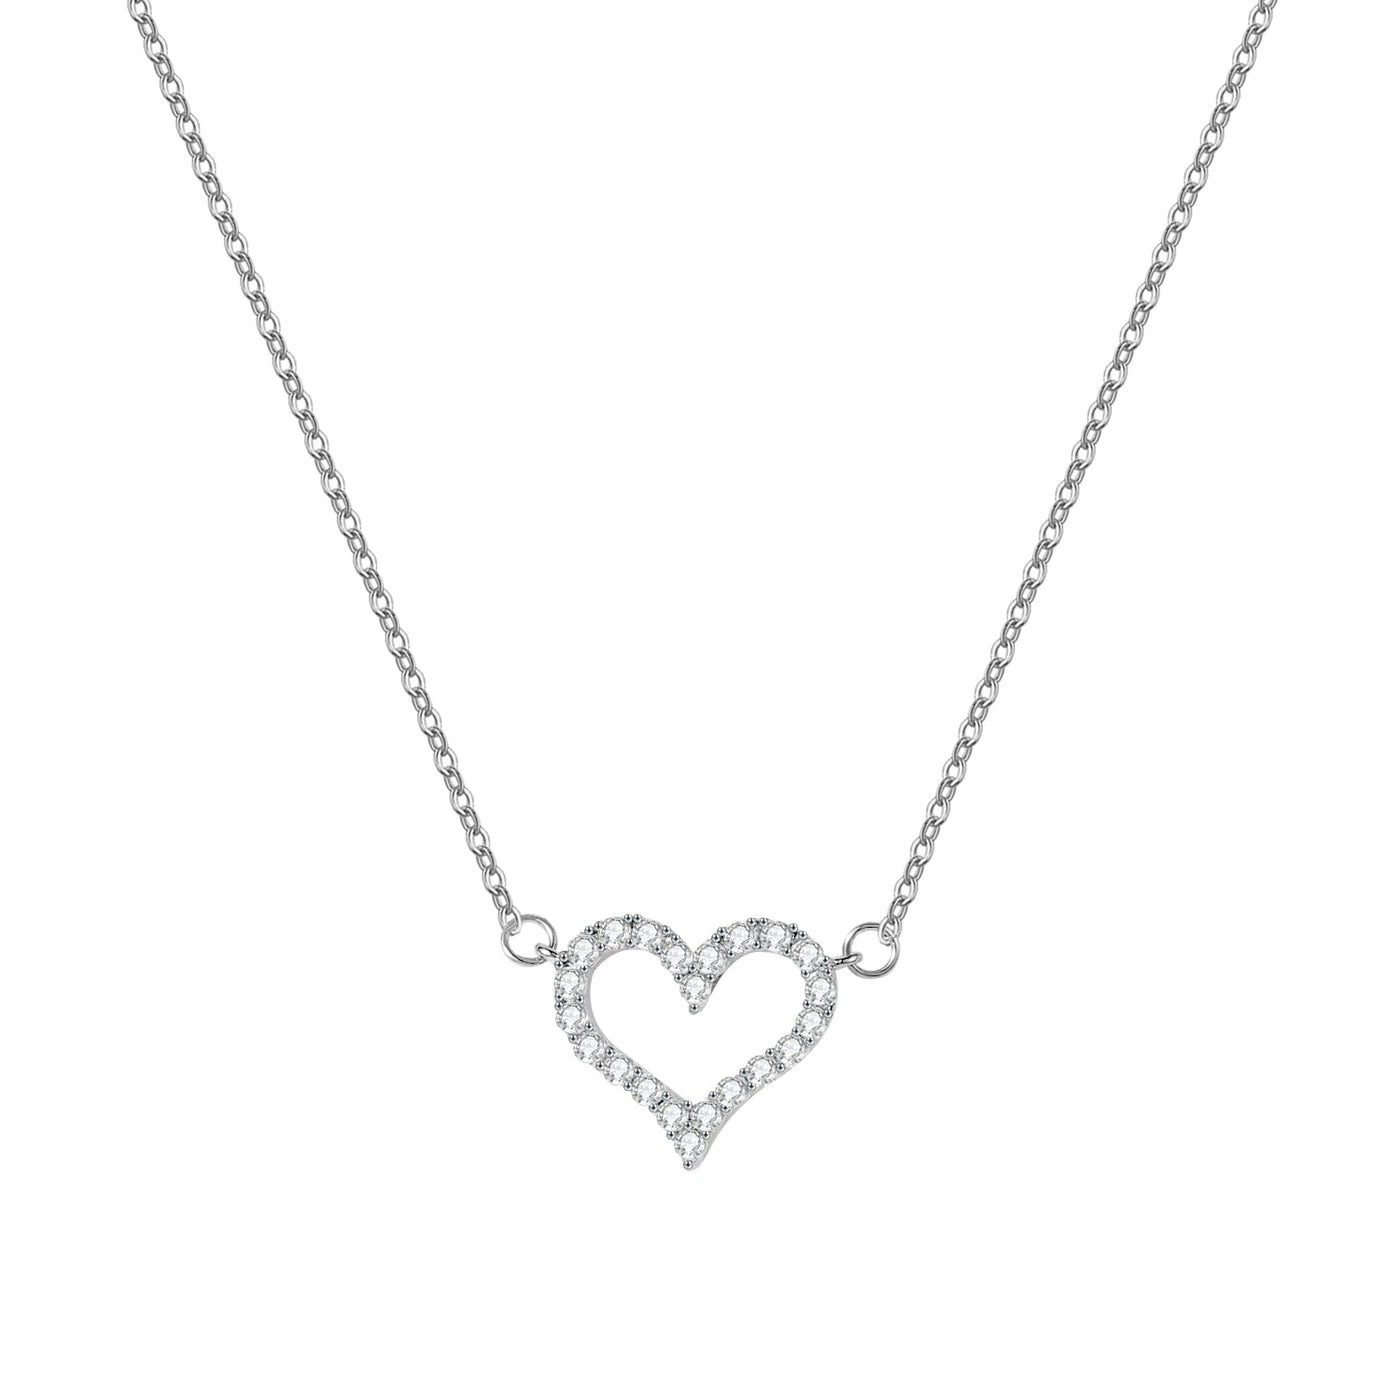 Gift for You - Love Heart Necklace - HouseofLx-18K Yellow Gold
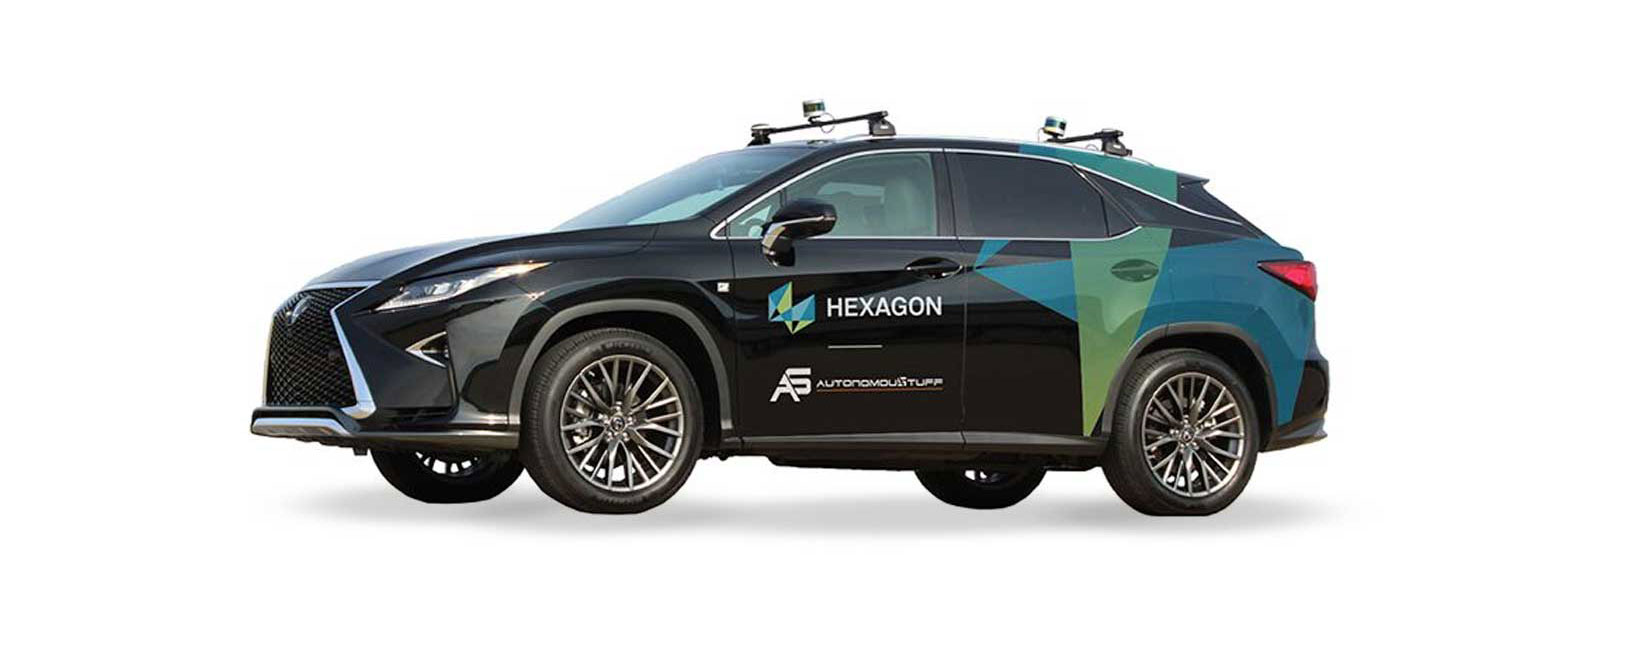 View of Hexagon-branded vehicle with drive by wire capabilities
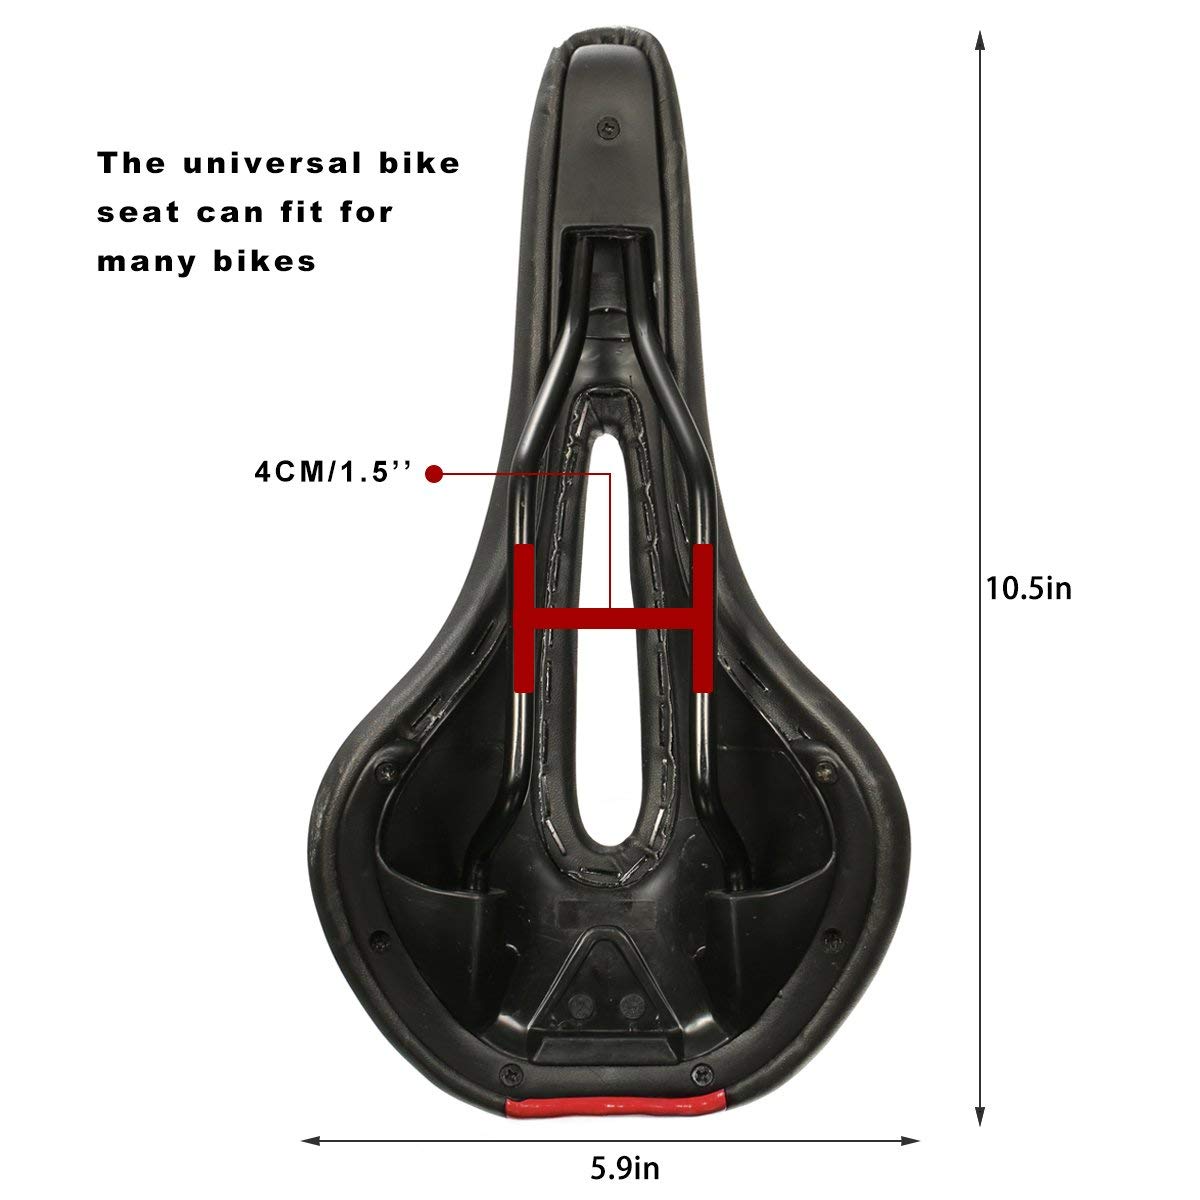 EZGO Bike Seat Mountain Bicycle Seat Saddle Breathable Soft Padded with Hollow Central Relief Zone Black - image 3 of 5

→ WHAT IS REQUIRED: Give again, exactly, each line from the one that contains "View of Hexagon-branded" through the last line of the material above. Pictures do not belong in the copy.

→ EXERCISE RESPONSE:
 View of Hexagon-branded vehicle with drive by wire capabilities
 EZGO Bike Seat Mountain Bicycle Seat Saddle Breathable Soft Padded with Hollow Central Relief Zone Black - image 3 of 5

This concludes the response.